À medida que a semana de montanha-russa avançava, o Tesouro procurou estancar quaisquer receios de retrocesso fiscal, insinuando fortemente que a chanceler estava preparada para restringir os planos de gastos futuros na sua declaração de Março, se os rendimentos mais elevados das obrigações a colocassem no caminho certo para violar as suas regras fiscais. Essas regras eram, disse o secretário-chefe do Tesouro, Darren Jones, aos deputados na quinta-feira, “inegociáveis”.
Paul Johnson, diretor do grupo de reflexão do Instituto de Estudos Fiscais, salientou que se Reeves optasse por fazer cortes de emergência nos seus já apertados planos de despesas, isso sublinharia o absurdo da forma como as regras funcionam.
“Tal como acontece com todas estas regras fiscais, se você estabelecer uma regra e não se permitir nenhuma margem de manobra contra ela, e prometer que sempre cumprirá essa regra, então você acabará nesta posição absurda de ter que fazer ajustes a cada evento fiscal”, disse ele.
após a promoção do boletim informativo
Para os ativistas que têm instado os Trabalhistas a fazerem mais para combater a pobreza infantil, ou a restaurarem a despesa com ajuda para 0,7% do rendimento nacional – para não mencionar os sindicatos que apoiam os Trabalhistas que esperam um aumento salarial decente – a perspetiva de uma nova restrição nas despesas é alarmante. .

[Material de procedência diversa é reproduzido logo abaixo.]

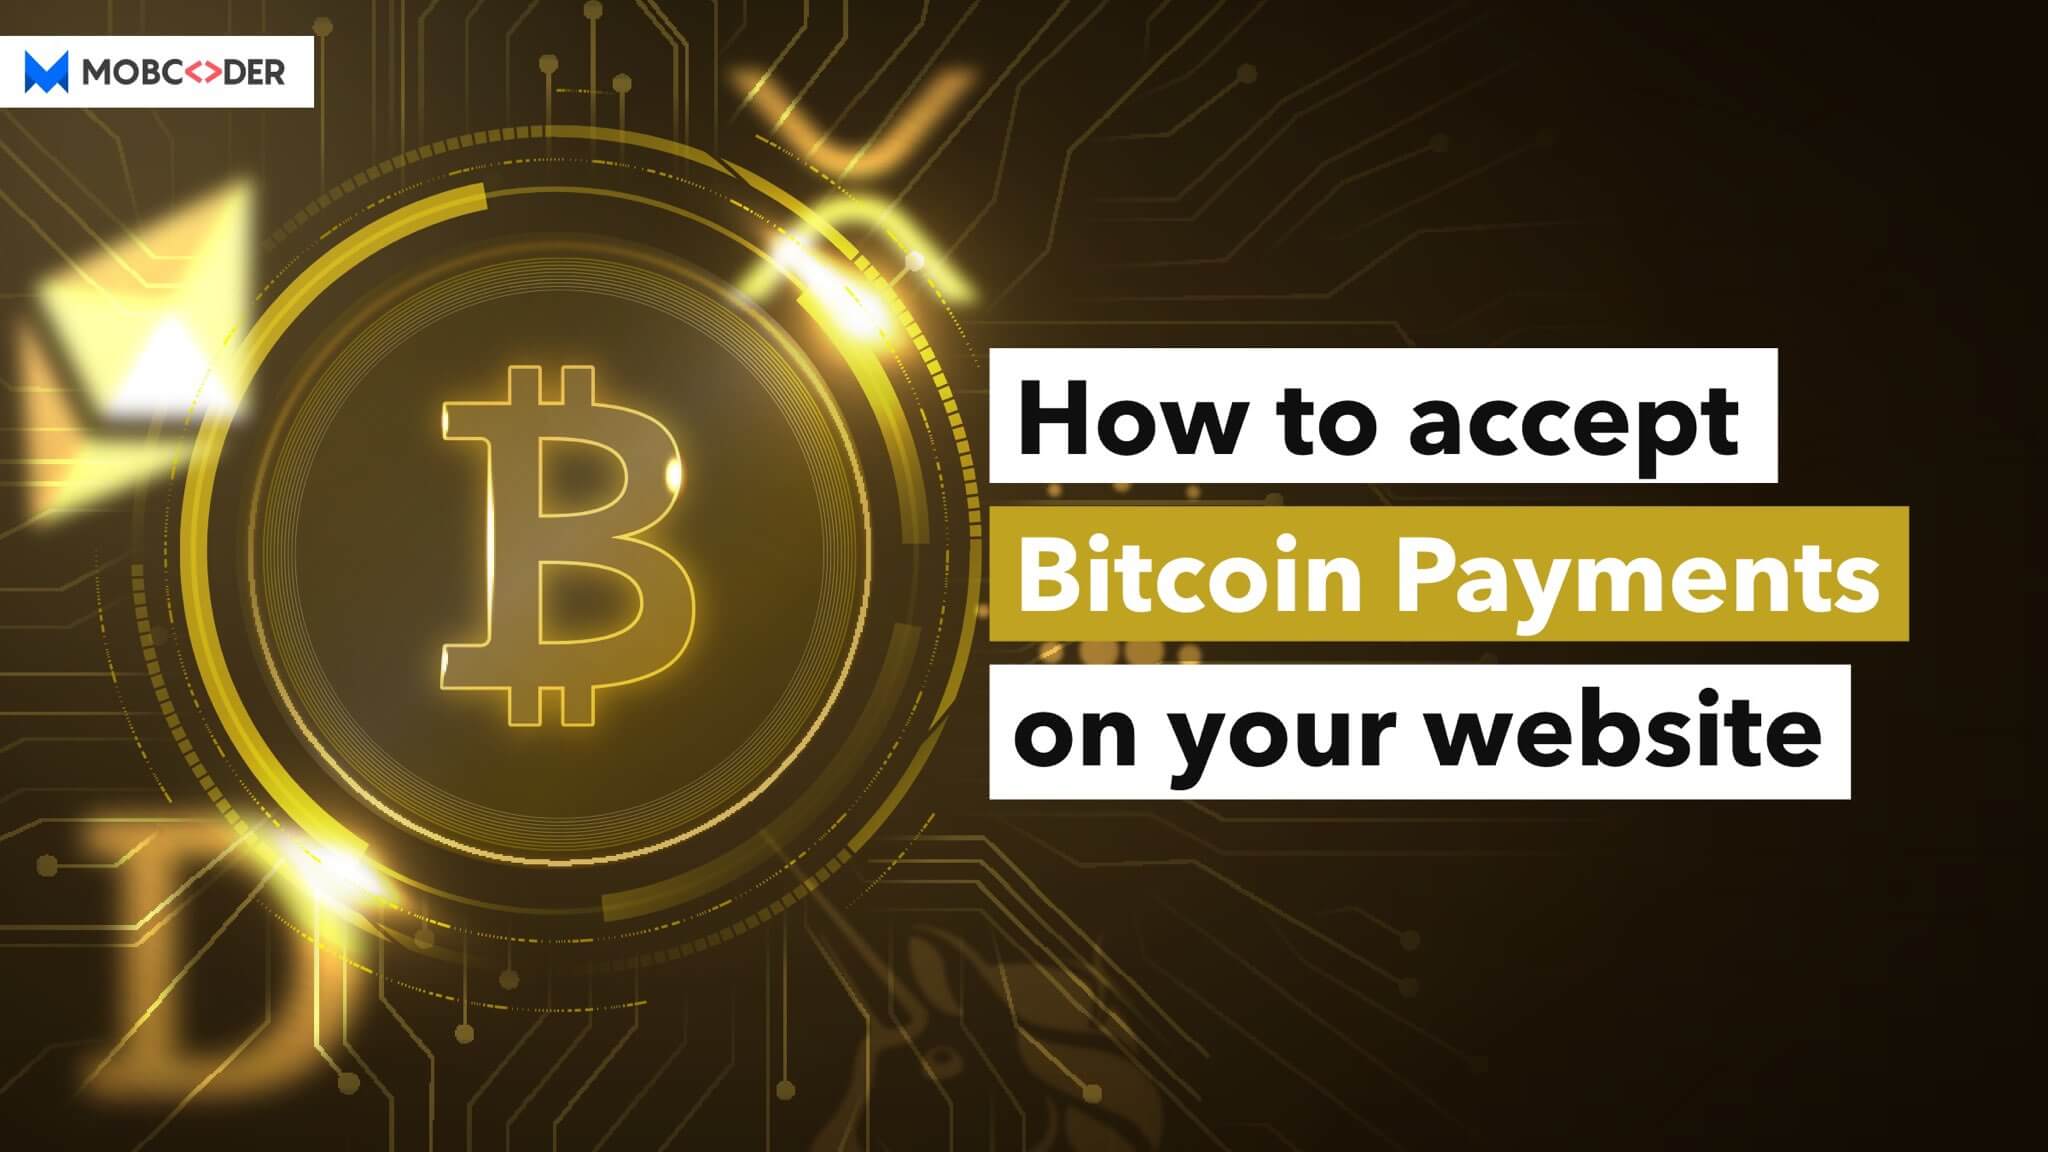 How to Accept Bitcoin Payments on Your Website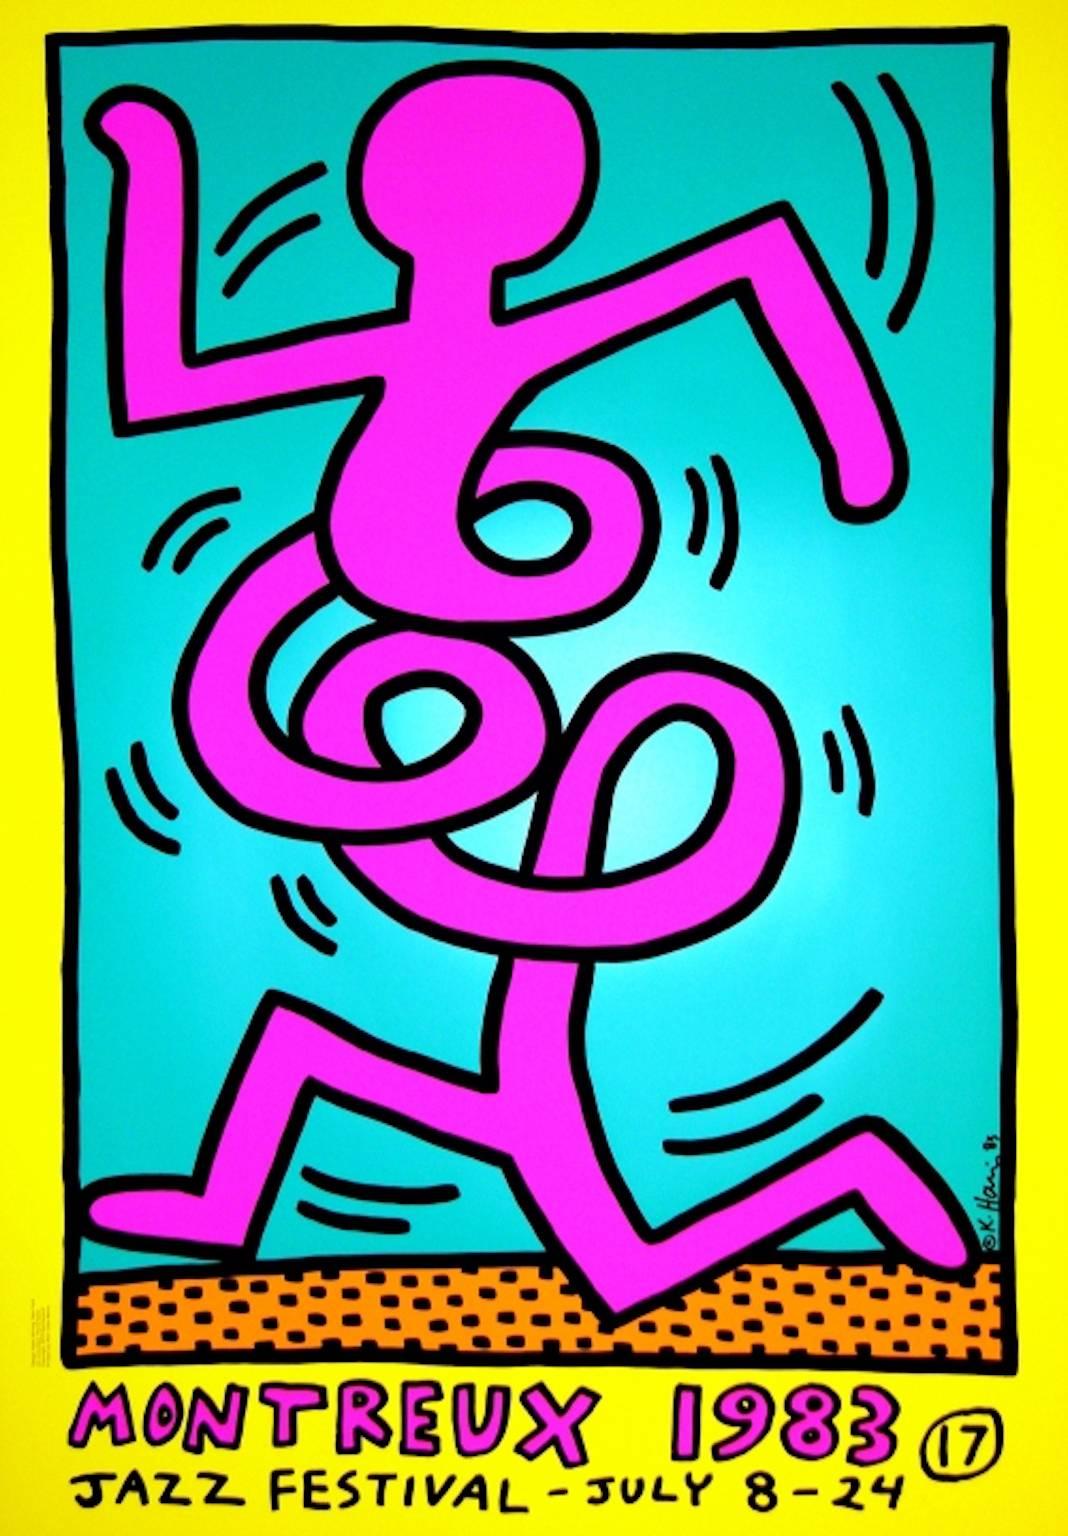 Montreux Jazz Festival (yellow) - Print by Keith Haring

Muito dependerá da forma como a economia evoluir nas próximas semanas e meses: os grupos empresariais queixaram-se vigorosamente do aumento dos NIC, mas ainda não está claro qual será o impacto no crescimento ou na inflação.
Reeves está a planear um discurso no final de Janeiro, expondo a sua posição sobre o crescimento económico.
Longe do ruído do mercado, os membros do governo insistem que há razões para estarmos optimistas. Apontam para as ligações entre o financiamento adicional que o chanceler está a fornecer ao NHS e aos conselhos locais, e o crescimento futuro – bem como mudanças a longo prazo destinadas a aumentar a construção de habitações e a ajudar as pessoas a regressarem ao emprego.
“As pessoas estão a subestimar o quão pró-crescimento o orçamento era”, disse uma fonte trabalhista, acrescentando: “Quem realmente pensa que existe uma alternativa para resolver os serviços públicos?”
Entretanto, alguns analistas acreditam que é a parte “flação” do medo da estagflação que é exagerada, prevendo-se que a inflação desça, abrindo caminho para taxas de juro mais baixas. O HSBC está neste campo. O seu economista-chefe europeu, Simon Wells, está a planear seis cortes nas taxas do Banco em 2025.
Os últimos dados de inflação, que serão publicados na próxima quarta-feira, poderão fornecer alguma clareza adicional.
Seja qual for a perspectiva para o próximo ano, no entanto, Reeves provavelmente retornará da China para mais uma semana ansiosa de questionamentos sobre a cidade. E muitos ex-chanceleres aprenderam, às suas custas, o enorme poder dos mercados.